*Collection entries*.
-- Opening Marker --

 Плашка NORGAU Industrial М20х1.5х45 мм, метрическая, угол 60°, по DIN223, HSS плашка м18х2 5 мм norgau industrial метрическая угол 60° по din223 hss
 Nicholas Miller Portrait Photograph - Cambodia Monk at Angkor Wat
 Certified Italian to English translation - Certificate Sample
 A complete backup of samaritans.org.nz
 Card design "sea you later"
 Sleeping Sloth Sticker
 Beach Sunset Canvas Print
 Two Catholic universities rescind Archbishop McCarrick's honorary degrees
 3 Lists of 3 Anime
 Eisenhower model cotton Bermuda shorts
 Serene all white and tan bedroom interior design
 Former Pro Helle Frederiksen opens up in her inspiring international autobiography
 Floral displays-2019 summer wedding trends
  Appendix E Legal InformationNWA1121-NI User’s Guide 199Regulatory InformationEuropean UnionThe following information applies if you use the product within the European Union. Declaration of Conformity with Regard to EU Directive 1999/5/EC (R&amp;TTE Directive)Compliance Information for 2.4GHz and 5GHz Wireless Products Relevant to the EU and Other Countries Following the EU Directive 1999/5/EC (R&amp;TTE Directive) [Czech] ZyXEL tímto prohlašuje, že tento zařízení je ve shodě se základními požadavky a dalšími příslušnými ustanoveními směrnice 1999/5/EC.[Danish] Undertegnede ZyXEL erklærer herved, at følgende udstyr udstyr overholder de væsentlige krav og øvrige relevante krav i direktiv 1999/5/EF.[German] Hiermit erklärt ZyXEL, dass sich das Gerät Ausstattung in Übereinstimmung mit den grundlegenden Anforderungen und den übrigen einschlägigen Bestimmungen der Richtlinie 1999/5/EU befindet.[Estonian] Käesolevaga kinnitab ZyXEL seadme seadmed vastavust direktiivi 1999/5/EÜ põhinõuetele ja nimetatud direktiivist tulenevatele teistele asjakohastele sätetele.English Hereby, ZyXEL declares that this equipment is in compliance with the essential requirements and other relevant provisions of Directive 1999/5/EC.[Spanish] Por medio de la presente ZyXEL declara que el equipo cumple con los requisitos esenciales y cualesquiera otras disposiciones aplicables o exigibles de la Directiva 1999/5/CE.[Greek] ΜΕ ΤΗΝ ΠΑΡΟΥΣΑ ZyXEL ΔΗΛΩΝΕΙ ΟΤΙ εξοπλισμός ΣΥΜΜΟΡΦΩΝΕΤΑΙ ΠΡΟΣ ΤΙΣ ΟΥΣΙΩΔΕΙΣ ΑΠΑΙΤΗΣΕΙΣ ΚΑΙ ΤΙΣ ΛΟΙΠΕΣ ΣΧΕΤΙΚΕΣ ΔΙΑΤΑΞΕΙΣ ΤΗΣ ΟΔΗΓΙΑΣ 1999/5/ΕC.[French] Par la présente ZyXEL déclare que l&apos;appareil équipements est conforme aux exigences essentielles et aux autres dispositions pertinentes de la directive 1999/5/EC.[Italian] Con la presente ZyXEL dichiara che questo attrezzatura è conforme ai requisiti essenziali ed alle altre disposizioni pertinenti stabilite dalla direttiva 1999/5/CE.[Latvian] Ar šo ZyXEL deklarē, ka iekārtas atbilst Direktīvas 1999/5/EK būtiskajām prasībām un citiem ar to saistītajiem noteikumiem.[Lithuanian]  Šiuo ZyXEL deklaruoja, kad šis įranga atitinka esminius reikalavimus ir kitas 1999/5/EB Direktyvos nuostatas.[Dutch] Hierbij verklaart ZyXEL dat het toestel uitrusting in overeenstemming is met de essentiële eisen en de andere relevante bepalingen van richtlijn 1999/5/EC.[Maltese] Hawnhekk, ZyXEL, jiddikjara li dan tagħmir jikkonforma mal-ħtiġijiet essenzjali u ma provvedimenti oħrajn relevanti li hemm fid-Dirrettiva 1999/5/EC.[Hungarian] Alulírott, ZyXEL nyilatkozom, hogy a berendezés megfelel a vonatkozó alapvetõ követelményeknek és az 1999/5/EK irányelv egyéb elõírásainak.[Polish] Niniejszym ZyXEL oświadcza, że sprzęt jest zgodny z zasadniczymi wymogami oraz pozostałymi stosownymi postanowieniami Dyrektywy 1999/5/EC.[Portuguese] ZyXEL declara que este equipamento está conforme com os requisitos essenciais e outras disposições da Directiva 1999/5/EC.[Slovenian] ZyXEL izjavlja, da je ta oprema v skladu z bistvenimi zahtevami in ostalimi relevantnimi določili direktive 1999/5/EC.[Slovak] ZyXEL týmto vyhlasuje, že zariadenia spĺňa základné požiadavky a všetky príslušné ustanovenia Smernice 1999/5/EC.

-- Closing Marker --

Each entry above must be retyped exactly.

 Плашка NORGAU Industrial М20х1.5х45 мм, метрическая, угол 60°, по DIN223, HSS плашка м18х2 5 мм norgau industrial метрическая угол 60° по din223 hss
 Nicholas Miller Portrait Photograph - Cambodia Monk at Angkor Wat
 Certified Italian to English translation - Certificate Sample
 A complete backup of samaritans.org.nz
 Card design "sea you later"
 Sleeping Sloth Sticker
 Beach Sunset Canvas Print
 Two Catholic universities rescind Archbishop McCarrick's honorary degrees
 3 Lists of 3 Anime
 Eisenhower model cotton Bermuda shorts
 Serene all white and tan bedroom interior design
 Former Pro Helle Frederiksen opens up in her inspiring international autobiography
 Floral displays-2019 summer wedding trends
  Appendix E Legal InformationNWA1121-NI User’s Guide 199Regulatory InformationEuropean UnionThe following information applies if you use the product within the European Union. Declaration of Conformity with Regard to EU Directive 1999/5/EC (R&amp;TTE Directive)Compliance Information for 2.4GHz and 5GHz Wireless Products Relevant to the EU and Other Countries Following the EU Directive 1999/5/EC (R&amp;TTE Directive) [Czech] ZyXEL tímto prohlašuje, že tento zařízení je ve shodě se základními požadavky a dalšími příslušnými ustanoveními směrnice 1999/5/EC.[Danish] Undertegnede ZyXEL erklærer herved, at følgende udstyr udstyr overholder de væsentlige krav og øvrige relevante krav i direktiv 1999/5/EF.[German] Hiermit erklärt ZyXEL, dass sich das Gerät Ausstattung in Übereinstimmung mit den grundlegenden Anforderungen und den übrigen einschlägigen Bestimmungen der Richtlinie 1999/5/EU befindet.[Estonian] Käesolevaga kinnitab ZyXEL seadme seadmed vastavust direktiivi 1999/5/EÜ põhinõuetele ja nimetatud direktiivist tulenevatele teistele asjakohastele sätetele.English Hereby, ZyXEL declares that this equipment is in compliance with the essential requirements and other relevant provisions of Directive 1999/5/EC.[Spanish] Por medio de la presente ZyXEL declara que el equipo cumple con los requisitos esenciales y cualesquiera otras disposiciones aplicables o exigibles de la Directiva 1999/5/CE.[Greek] ΜΕ ΤΗΝ ΠΑΡΟΥΣΑ ZyXEL ΔΗΛΩΝΕΙ ΟΤΙ εξοπλισμός ΣΥΜΜΟΡΦΩΝΕΤΑΙ ΠΡΟΣ ΤΙΣ ΟΥΣΙΩΔΕΙΣ ΑΠΑΙΤΗΣΕΙΣ ΚΑΙ ΤΙΣ ΛΟΙΠΕΣ ΣΧΕΤΙΚΕΣ ΔΙΑΤΑΞΕΙΣ ΤΗΣ ΟΔΗΓΙΑΣ 1999/5/ΕC.[French] Par la présente ZyXEL déclare que l&apos;appareil équipements est conforme aux exigences essentielles et aux autres dispositions pertinentes de la directive 1999/5/EC.[Italian] Con la presente ZyXEL dichiara che questo attrezzatura è conforme ai requisiti essenziali ed alle altre disposizioni pertinenti stabilite dalla direttiva 1999/5/CE.[Latvian] Ar šo ZyXEL deklarē, ka iekārtas atbilst Direktīvas 1999/5/EK būtiskajām prasībām un citiem ar to saistītajiem noteikumiem.[Lithuanian]  Šiuo ZyXEL deklaruoja, kad šis įranga atitinka esminius reikalavimus ir kitas 1999/5/EB Direktyvos nuostatas.[Dutch] Hierbij verklaart ZyXEL dat het toestel uitrusting in overeenstemming is met de essentiële eisen en de andere relevante bepalingen van richtlijn 1999/5/EC.[Maltese] Hawnhekk, ZyXEL, jiddikjara li dan tagħmir jikkonforma mal-ħtiġijiet essenzjali u ma provvedimenti oħrajn relevanti li hemm fid-Dirrettiva 1999/5/EC.[Hungarian] Alulírott, ZyXEL nyilatkozom, hogy a berendezés megfelel a vonatkozó alapvetõ követelményeknek és az 1999/5/EK irányelv egyéb elõírásainak.[Polish] Niniejszym ZyXEL oświadcza, że sprzęt jest zgodny z zasadniczymi wymogami oraz pozostałymi stosownymi postanowieniami Dyrektywy 1999/5/EC.[Portuguese] ZyXEL declara que este equipamento está conforme com os requisitos essenciais e outras disposições da Directiva 1999/5/EC.[Slovenian] ZyXEL izjavlja, da je ta oprema v skladu z bistvenimi zahtevami in ostalimi relevantnimi določili direktive 1999/5/EC.[Slovak] ZyXEL týmto vyhlasuje, že zariadenia spĺňa základné požiadavky a všetky príslušné ustanovenia Smernice 1999/5/EC.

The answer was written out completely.